The FIA has moved early to put the paddock on notice ahead of this weekend’s Austrian Grand Prix, officially declaring a heat hazard with temperatures forecast to sit in the mid-to-high 30s Celsius across the three days at the Red Bull Ring.
Saturday is currently trending around 34°C, with Sunday’s race day forecast nudging 38°C — the sort of ambient figure that can drag track temperatures into the 50s and turn a “hot” race into a straight-up physical test. Europe’s broader heatwave has already pushed several countries into record June territory, and there’s little in the outlook suggesting F1 will dodge it when it arrives in Spielberg.
Under Article B1.5.10 of the FIA F1 Regulations, the trigger is a Heat Index above 31.0°C at some point during the race. On that basis, the governing body confirmed the declaration in a formal note to teams.
This isn’t just the FIA being fussy about discomfort. The heat hazard framework exists because F1 got a very public reminder in Qatar 2023 of what happens when modern cars, heavy fuel loads and a flat-out race meet extreme conditions. The sport responded by introducing the heat hazard regulation for 2025, effectively building a process to treat certain races more like a controlled safety risk than a gritty endurance badge.
Once a heat hazard is called, the knock-on effects are immediate and practical: teams must fit the additional driver cooling system hardware, and the minimum car weight is increased to accommodate it. That matters in a cost-cap era where every gram is fought over and packaging is already tight; it’s one thing to bolt on mandated equipment, another to do it without compromising a cooling layout, centre of gravity or cockpit ergonomics. In other words, the “heat hazard” label isn’t a sticker — it’s a setup and integration problem as well as a welfare one.
Yet the most interesting part of the rule is that it still leaves the final decision partly in the drivers’ hands.
F1’s regulations allow a driver to opt out of wearing the personal items that form part of the cooling system — typically the vest element — even when the hazard has been declared. Article 26.19 of the Sporting Regulations makes clear that if the driver chooses not to wear it, the rest of the system (including any cooling medium) still has to be fitted, and the cockpit must be ballasted to compensate for the difference in mass. The figure stipulated is 0.5kg.
That clause is doing two things at once: preserving freedom of choice while shutting down the competitive angle. There’s no “I’ll suffer more to go quicker” loophole here because the weight parity is enforced either way. What remains is the human side — how each driver responds to the sensation of the kit, how it affects movement in the cockpit, and whether the perceived benefits outweigh any trade-offs in comfort or focus.
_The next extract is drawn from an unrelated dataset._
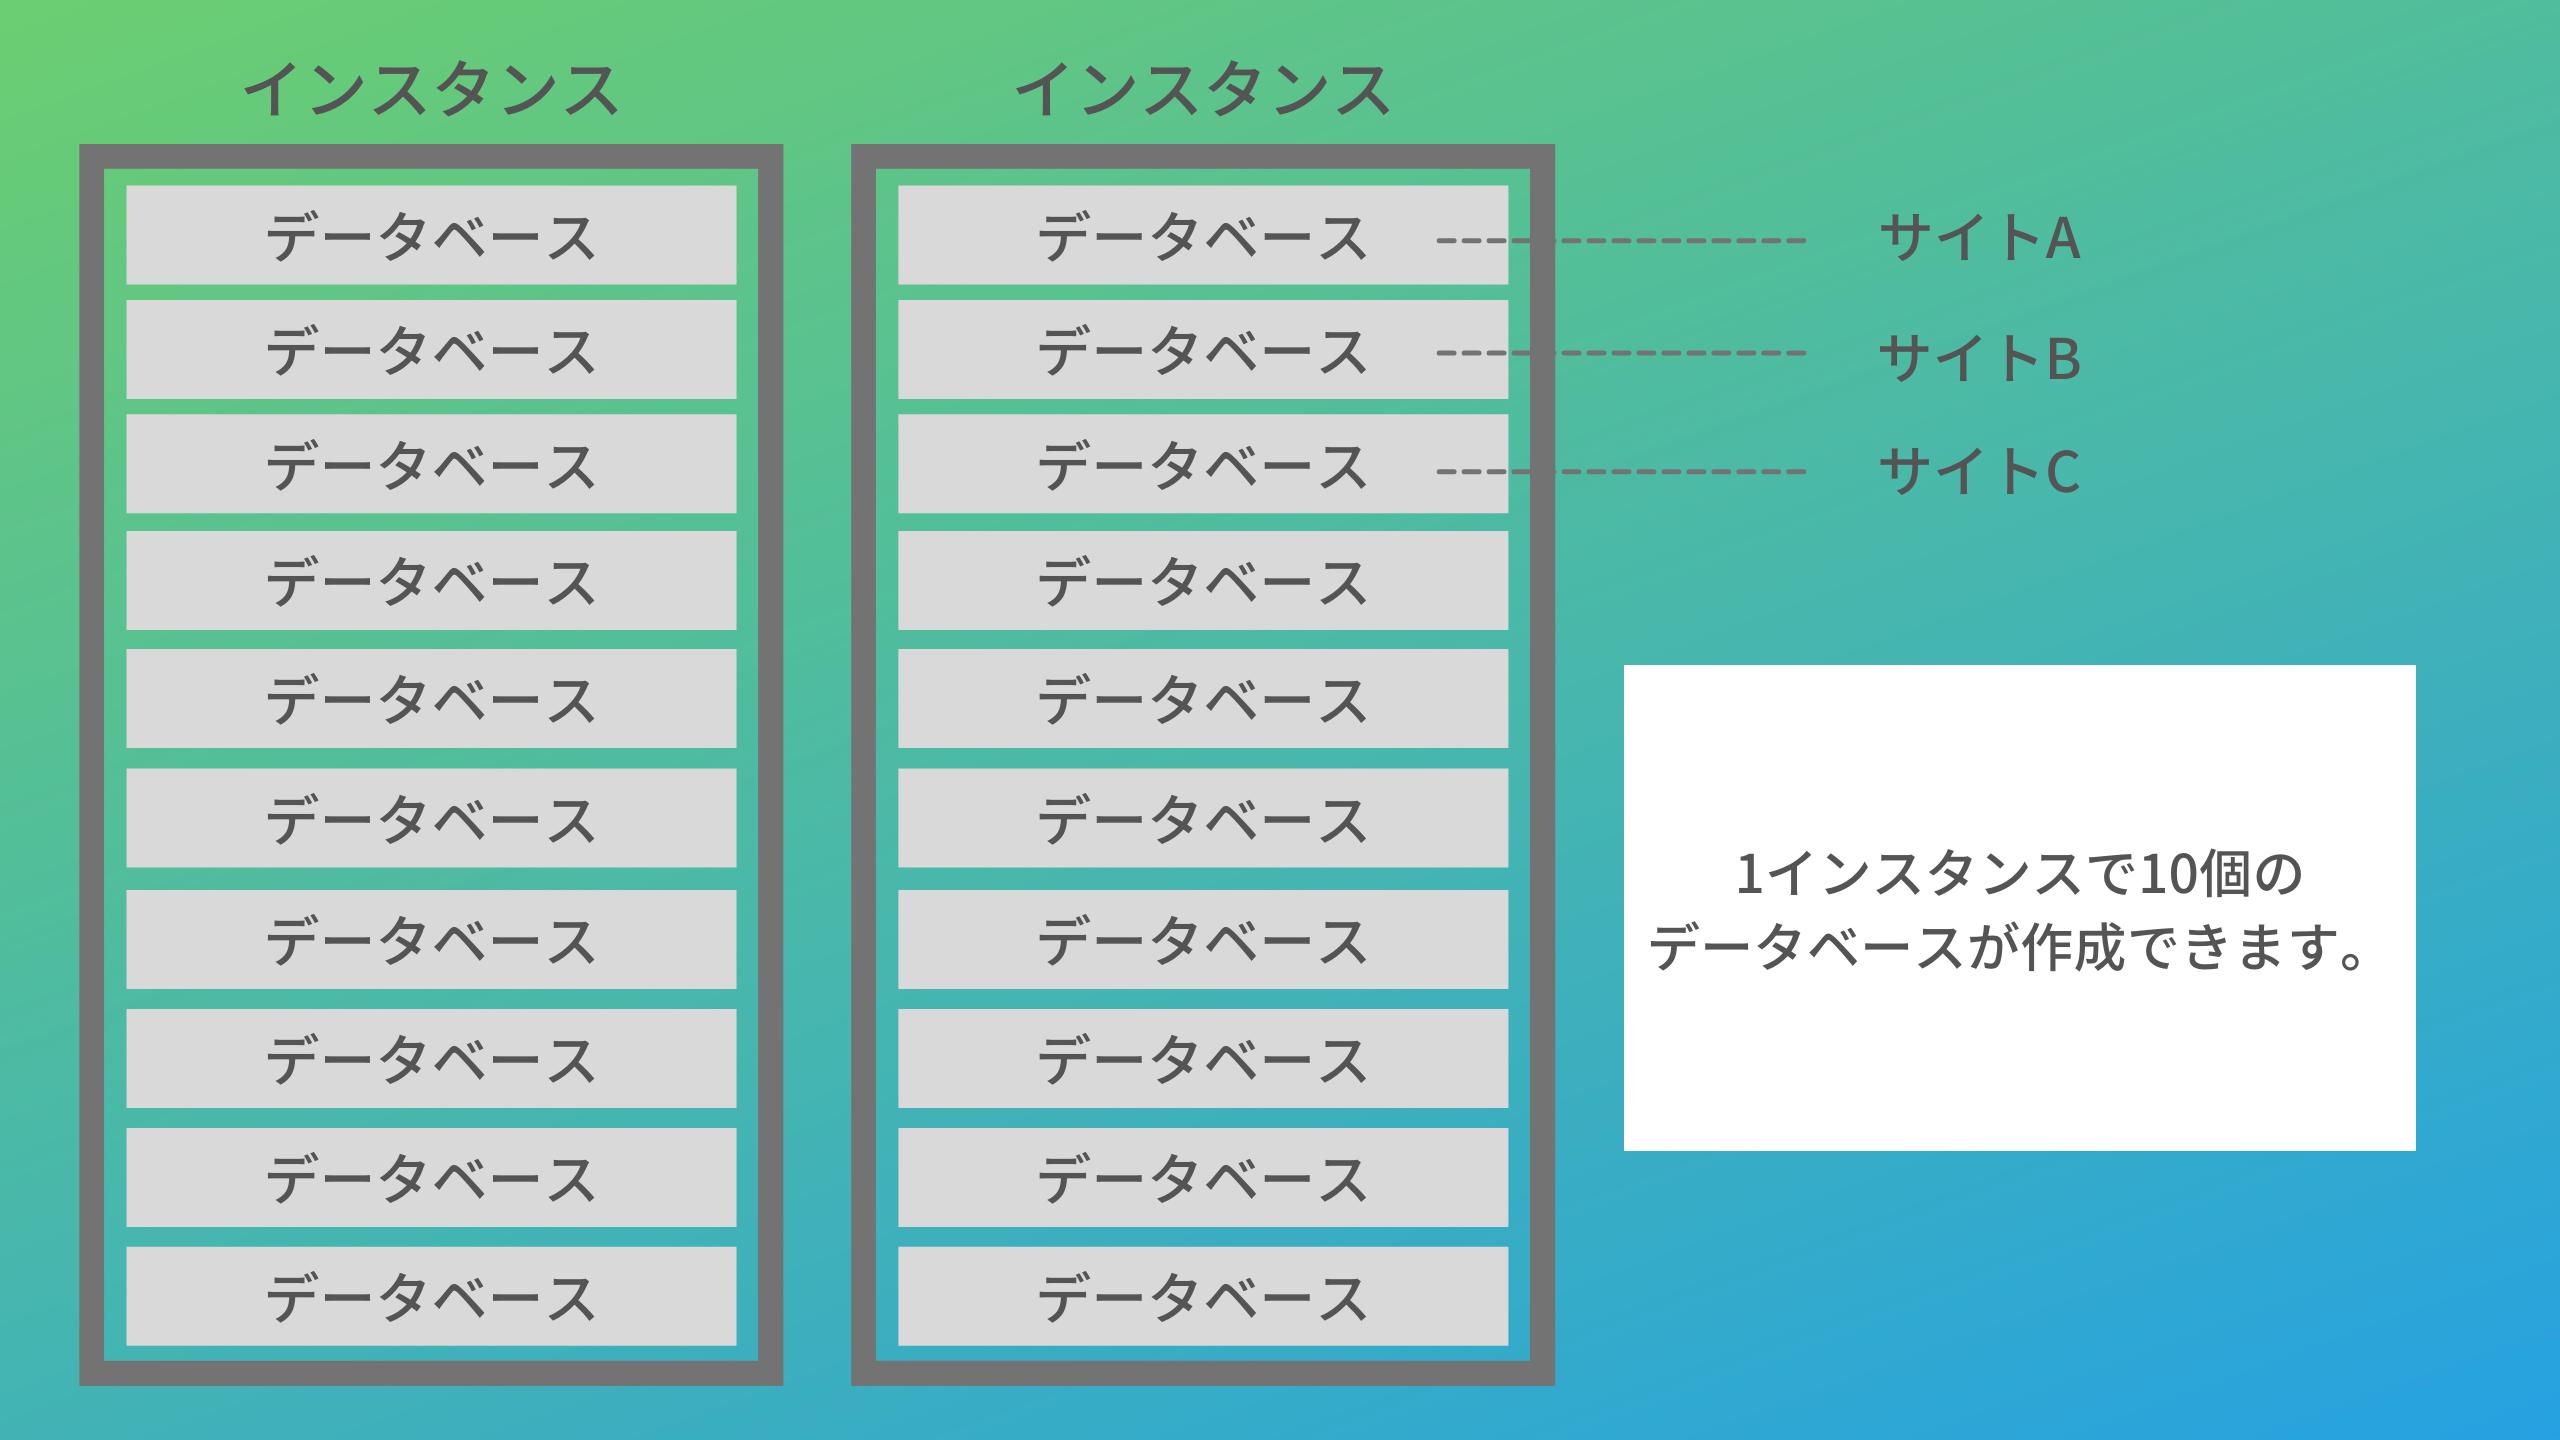 インスタンスデータベースの関係

Max Verstappen was outspoken about that principle when the topic came up previously, arguing the FIA has it right by keeping the vest optional rather than mandatory.
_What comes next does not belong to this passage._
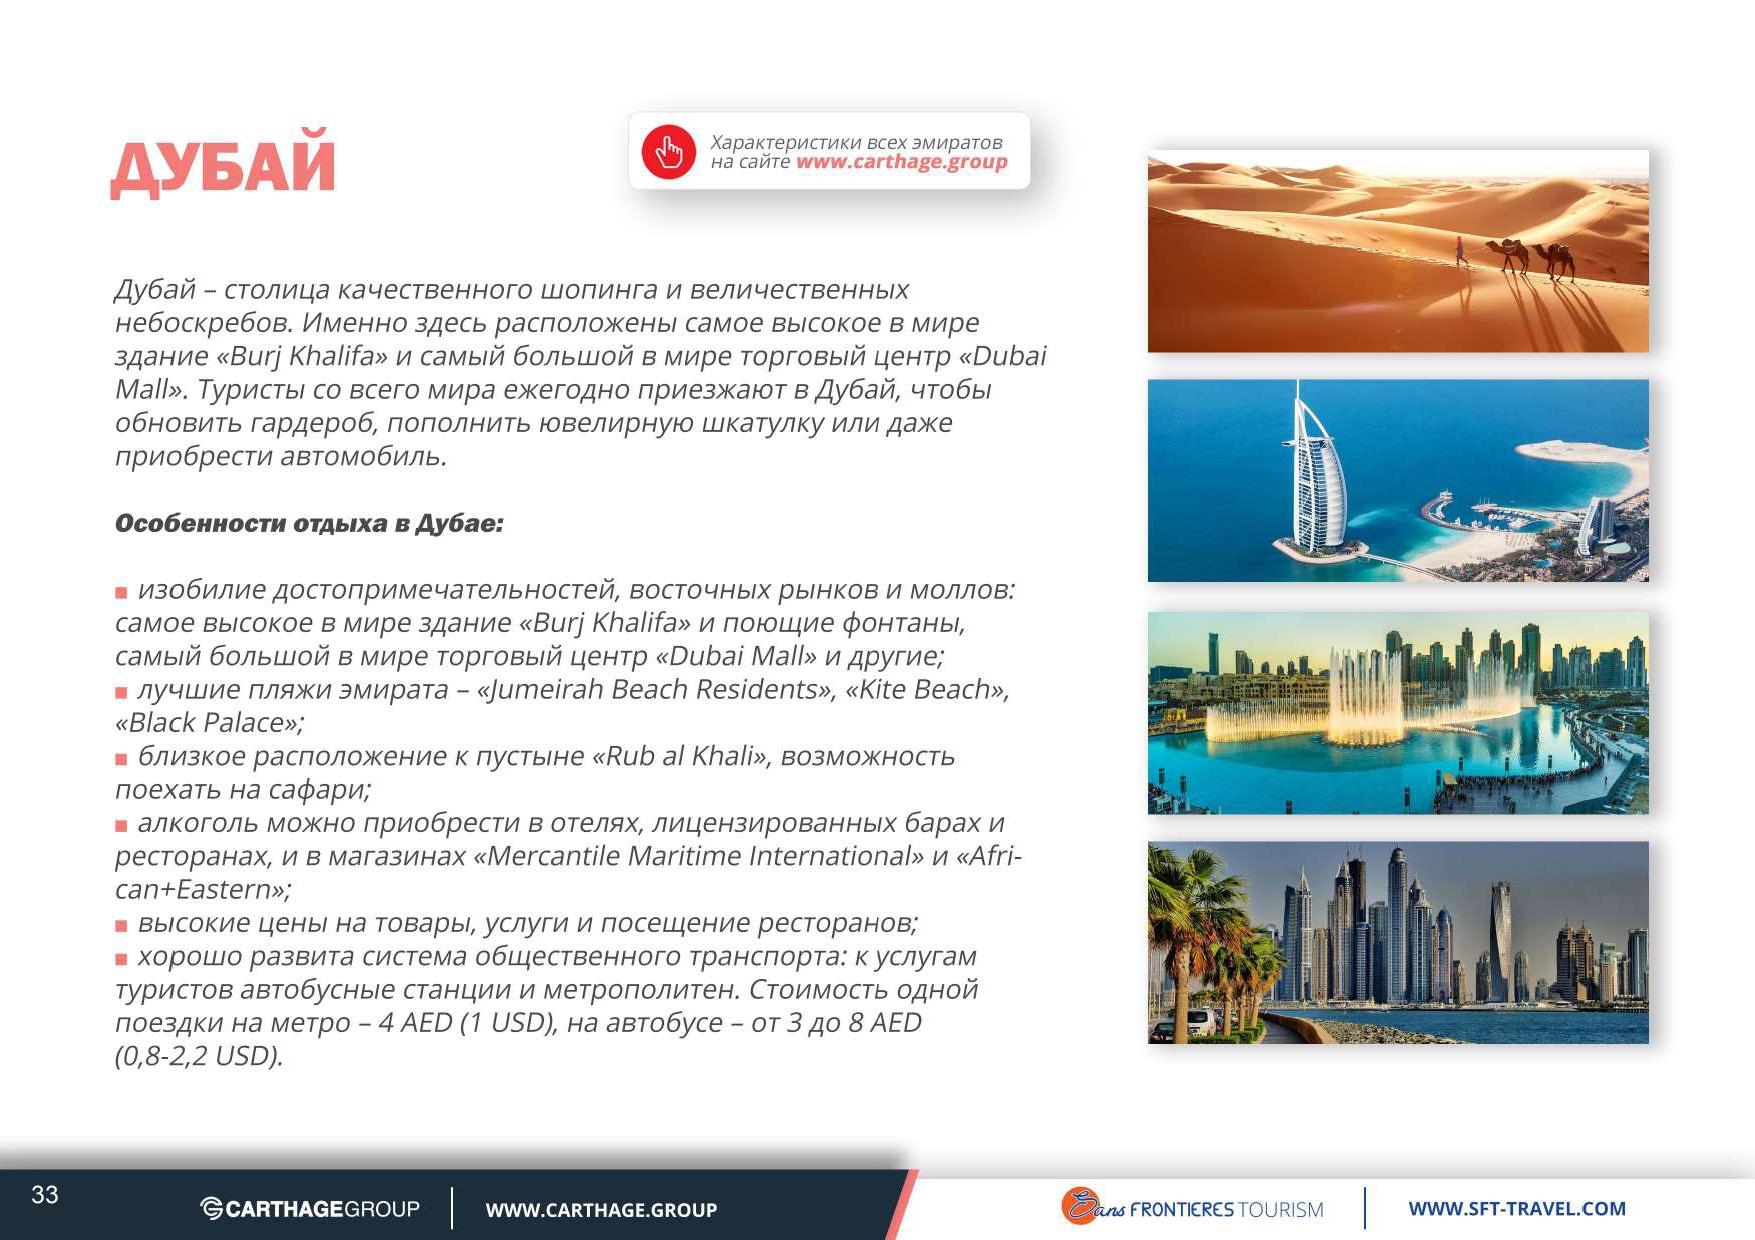 UAE presentation (32)

“I just think it should be an option – that you can choose for yourself whether you want to wear it or not,” he said. “It’s a bit ridiculous to be honest. In the end, it’s about your own safety and how you feel about it.
“I don’t think they should make that mandatory at all.”
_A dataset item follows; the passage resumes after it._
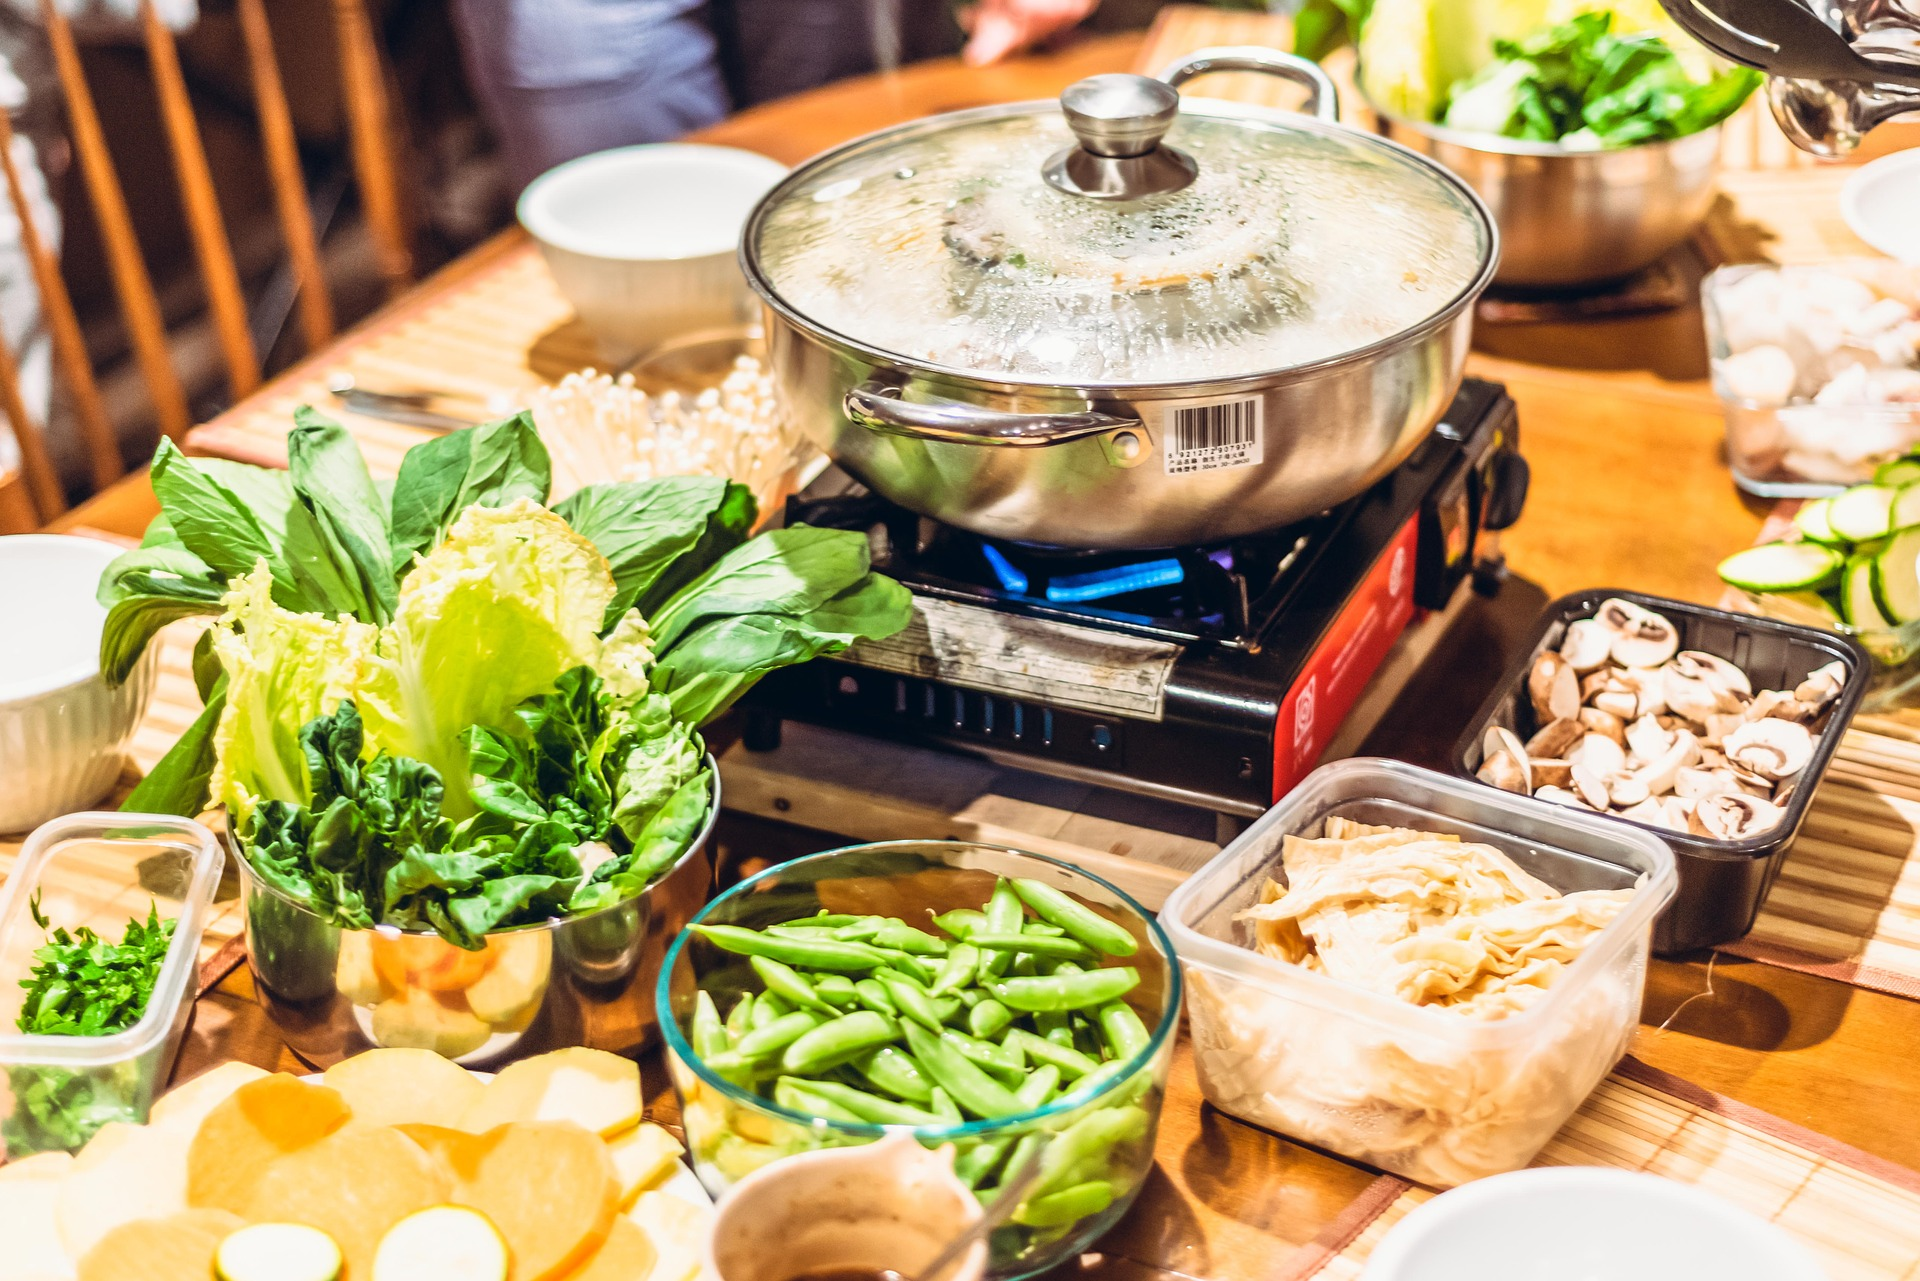 鍋は大きさ次第で味が激変する!?一人暮らし用に最適な鍋の選び方

It’s a very Verstappen take: blunt, slightly dismissive of the theatre around it, and rooted in the idea that drivers are best placed to judge their own limits. But it also taps into something that’s quietly become a recurring theme since the heat hazard rules arrived — not everyone experiences these conditions the same way, and not everyone likes the same solutions. The FIA can mandate hardware; it can’t mandate preference.
We’ve already seen that play out. Heat hazards were declared at Singapore and Austin last season, and the grid didn’t go unanimous on the vests. Some drivers embrace any help they can get in the cockpit; others don’t want another layer, another hose, another point of irritation when they’re already fighting the car through high-load corners.
Austria, though, has a habit of catching people out. The lap is short, the sequence of corners loads the tyres hard, and any loss of concentration tends to be punished quickly — whether that’s by track limits, a compromised exit, or simply being half a step late on the brakes. Add oppressive heat and it becomes the kind of weekend where small physical margins turn into strategic consequences: more mistakes, more management, and potentially more variability than teams are expecting on paper.
The declaration doesn’t guarantee drama, but it does confirm one thing: the FIA is treating Spielberg as a potential risk race before a wheel has even turned. And for drivers already living on the edge of tolerance in these cars, that’s a message worth taking seriously.